After Dev Anand, Shashi Kapoor ranks the second most romantic actor on the Hindi screen. His devastating good looks backed by his toothy smile, charm and effortless performance saw his popularity soar in the 1960s, 1970s and even the 1980s. However, Shashi Kapoor does not consider himself great. “Chabi Biswas, Dilip Kumar, Raj Kapoor and Uttam Kumar were truly great actors. Balraj Sahni was versatile and honest. In the past four decades, Amitabh Bachhan has been the biggest star actor with whom I acted in ‘Deewar', ‘Kabhi Kabhi', ‘Trishul', ‘Kala Pathhar', ‘Silsila' ...”
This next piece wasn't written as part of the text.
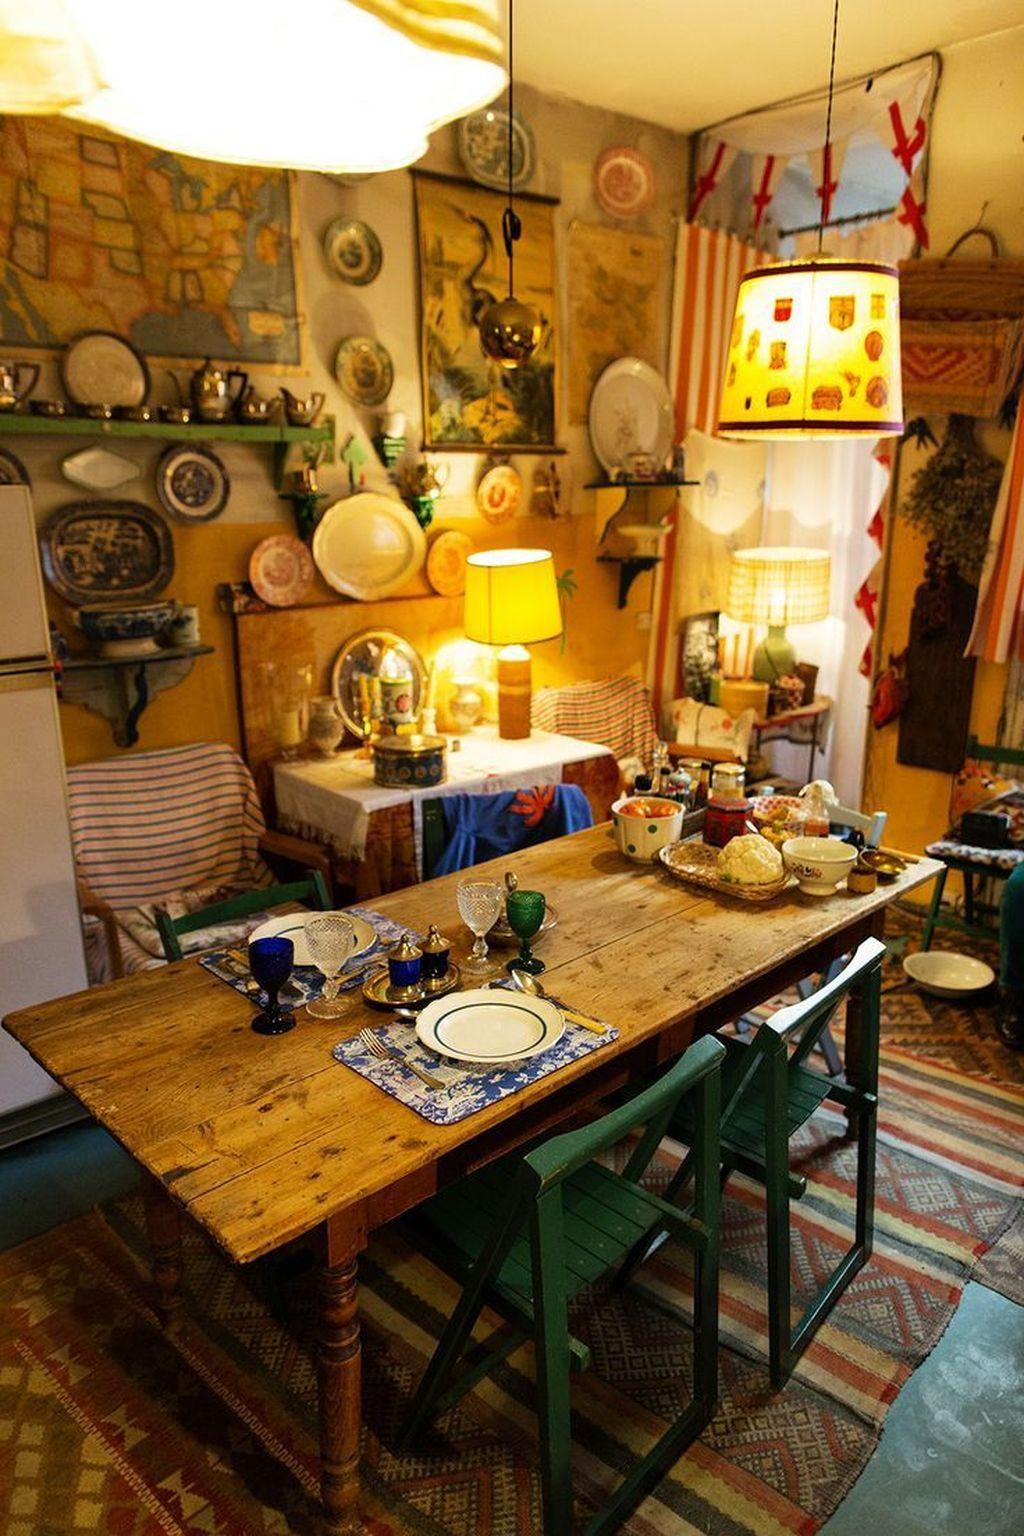 bohemian style kitchen image by sally mirick on kitchen bohemian kitchen bohemian style on boho chic decor living room bohemian kitchen id=28511

Mala Sinha, Sadhana, Asha Parekh, Sharmila Tagore, Hema Malini and Shabana Azmi... Shashi Kapoor has acted with all of them successfully. Of his heroines, whom does he remember the most? “Nanda,” is the spontaneous reply. “She acted with me in my first film ‘Char Diwari'. Nanda excelled in a variety of characters; she performed with dignity. Her movements in the song sequence Yeh Shama in ‘Jab Jab Phool Khile' were imitated even by Sridevi later. Sadhana was initially hesitant to act with a new hero like me but we developed a good rapport while working in Bimal Roy's, ‘Prem Patra'. Sadhana's eyes and smile were her assets.”

Unforgettables

Of course the best of Shashi Kapoor came in the films produced and directed by Ismail Merchant. Shashi Kapoor - according to the late Satyajit Ray - was unforgettable in “Householder”, “Shakespearewala”, “Pretty Polly”, “Bombay Talkies” and “In Custody”. Remember the suave anti-hero in “The Deceivers” opposite Pierce Brosnan? For once Shashi Kapoor flashes his famous smile and recollects, “In one scene I had to look up straight into Brosnan's eyes and smile. Brosnan asked me to look around after looking up and then into his eyes. The advice yielded brilliant histrionic results.”
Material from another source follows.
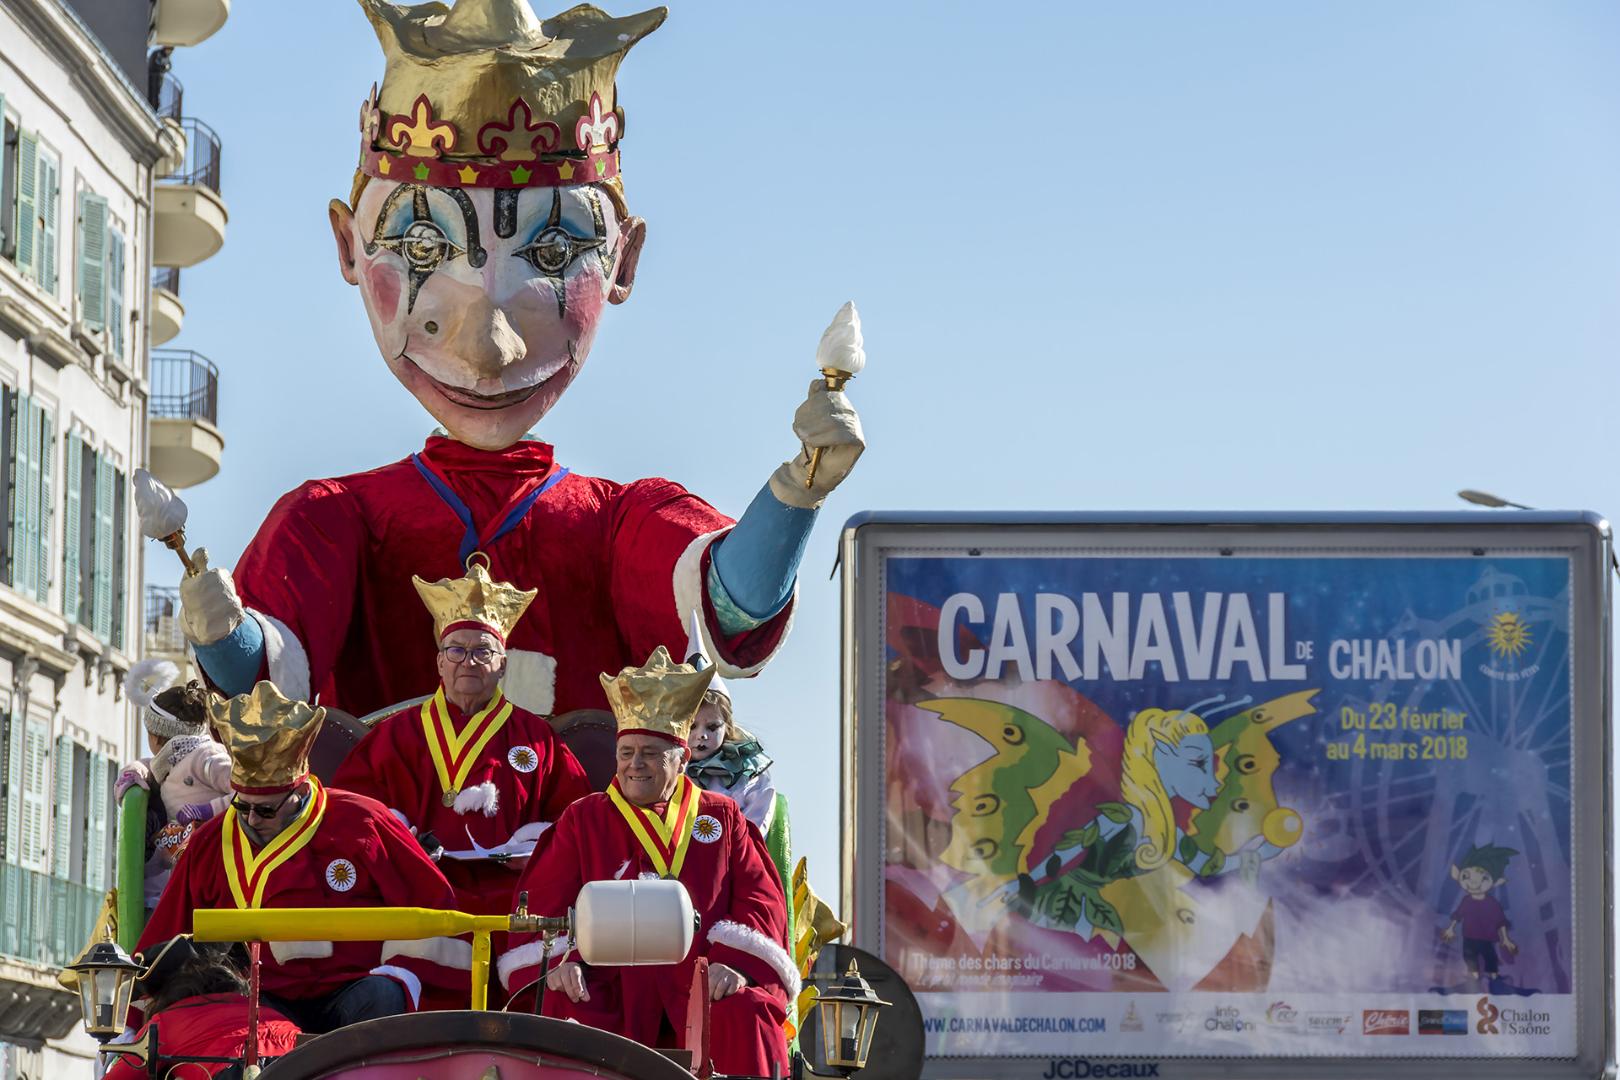 carnaval2019-10 (2021_02_07 10_18_26 UTC)

Until now Shashi Kapoor remains the only actor to have refused a National Award for “Dharam Putra” in 1961. He answers, “I did not consider my performance worth an award. I did receive the National Award for “New Delhi Times” in 1986. Do you remember the scene where I dream of running through burning debris and then break down in Sharmila Tagore's lap? That was instrumental in me receiving my recognition.”